Lewistown is a small village in South Wales. It lies between Ogmore Vale and Blackmill in the valley of the River Ogmore. It developed to service the local coal mines which have all now closed and it has become largely a commuter village for Bridgend and Maesteg.
Strung out along the A4061 on the narrow floor of the upper Ogmore valley, Lewistown forms a continuous ribbon with the adjacent hamlets of Pant-yr-Awel and Glynogwr; the 2021 census classes them as a single built-up area with 790 usual residents, making it one of the smallest settlements in Bridgend County Borough.

The village sits roughly 10 km north of Bridgend and 5 km south of Ogmore Vale, its modest grid of terraced streets backed against the steep, afforested slopes of Mynydd yr Aber. Although the original nineteenth-century housing stock has been infilled by post-war bungalows and suburban cul-de-sacs, Lewistown retains a distinct valley-floor character: one main spine road, a cluster of convenience shops around the former post office, and bus links that feed commuters southwards to Bridgend and eastwards over the mountain to the Llynfi Valley.
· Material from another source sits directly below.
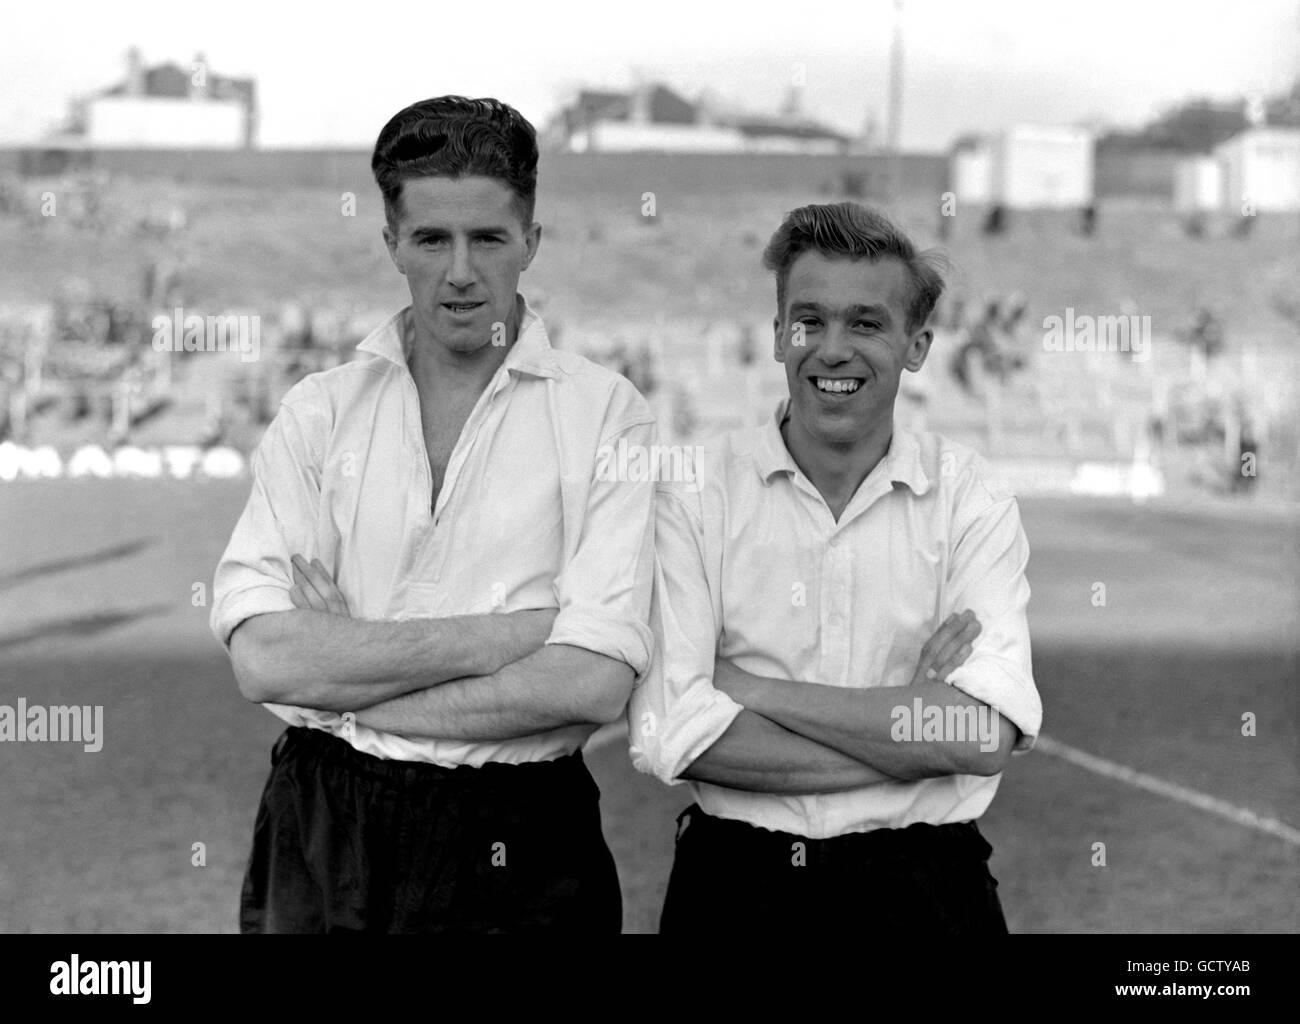 Football - Bournemouth football Club Photocall - Dean court.Frank Fidler, à gauche, et Joseph Brown, Bournemouth FC Banque D'Images

A string of short footpaths climbs from the high street onto forestry tracks, while National Cycle Network Route 883 running along the disused Ogmore Valley Railway beside the River Ogmore.

The settlement owes its existence to coal. Penllwyngwent Colliery—driven from the valley side immediately north-east of the present village in 1905—employed several hundred men and stimulated a wave of house-building that merged earlier wayside farms into a coherent industrial village. At its peak in the 1920s the pit produced high-quality steam coal from the Two-Feet-Nine and Lower New seams; wagons were dispatched south via the Ogmore Valley Railway, which added a rudimentary wooden platform, Lewistown Halt, during the Second World War to serve shift workers. When the National Coal Board closed Penllwyngwent on 28 February 1969 most miners transferred to the Wyndham/Western complex farther up-valley, and the railway had already shut. The colliery site has since been cleared for a small industrial estate, and—with coal gone—Lewistown has become a dormitory for Bridgend, Maesteg and, via the M4, Cardiff; yet its tightly packed terraces and mountainside outlook still evoke the self-contained colliery community that once powered this corner of the South Wales coalfield.